In this paper we proposed an ultimate theory to solve the multi-target control problem through its introduction to the machine learning framework in automatic driving, which explored the implementation of excellent drivers' knowledge acquisition. Nowadays there exist some core problems that have not been fully realized by the researchers in automatic driving, such as the optimal way to control the multi-target objective functions of energy saving, safe driving, headway distance control and comfort driving, as well as the resolvability of the networks that automatic driving relied on and the high-performance chips like GPU on the complex driving environments.

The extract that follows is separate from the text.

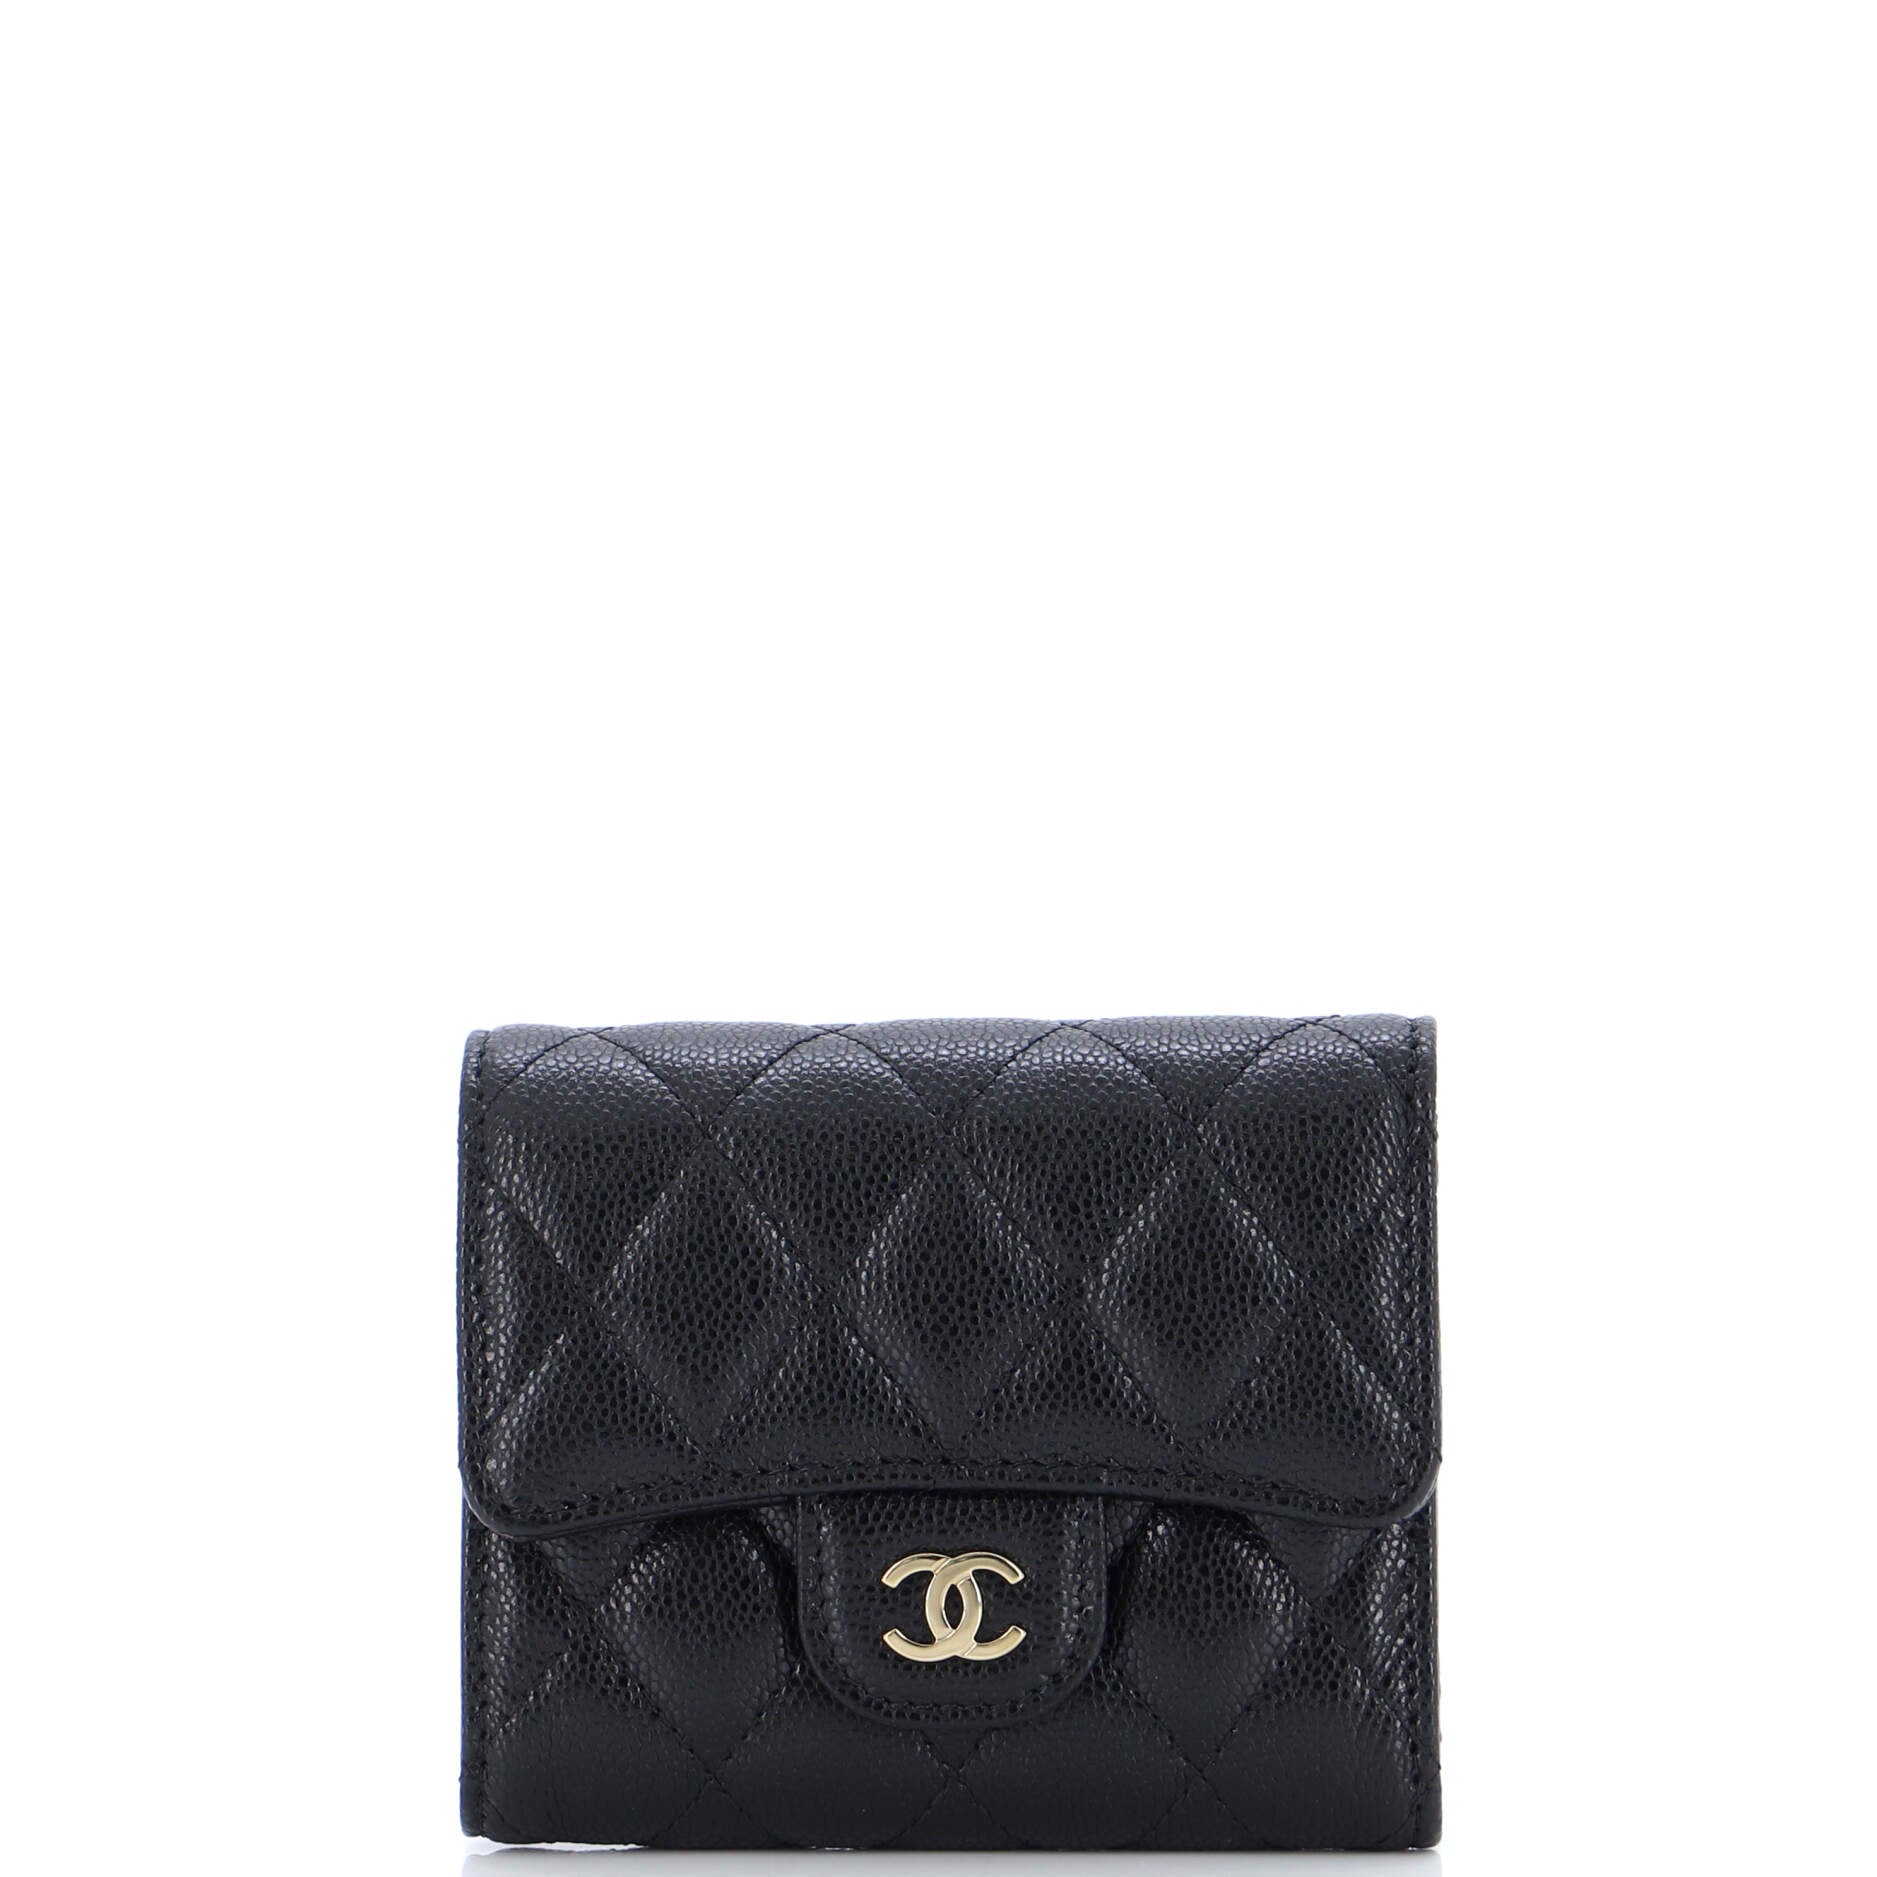 Chanel Boy Chanel Chain Wallet Long Caviar Skin Black Ap1117 Gold Hardware

According to these problems, we developed a new theory to map multitarget objective functions in different spaces into the same one and thus introduced a machine learning framework of SDL(Super Deep Learning) for optimal multi-targetcontrol based on knowledge acquisition. We will present in this paper the optimal multi-target control by combining the fuzzy relationship of each multi-target objective function and the implementation of excellent drivers' knowledge acquired by machine learning. Theoretically, the impact of this method will exceed that of the fuzzy control method used in automatic train.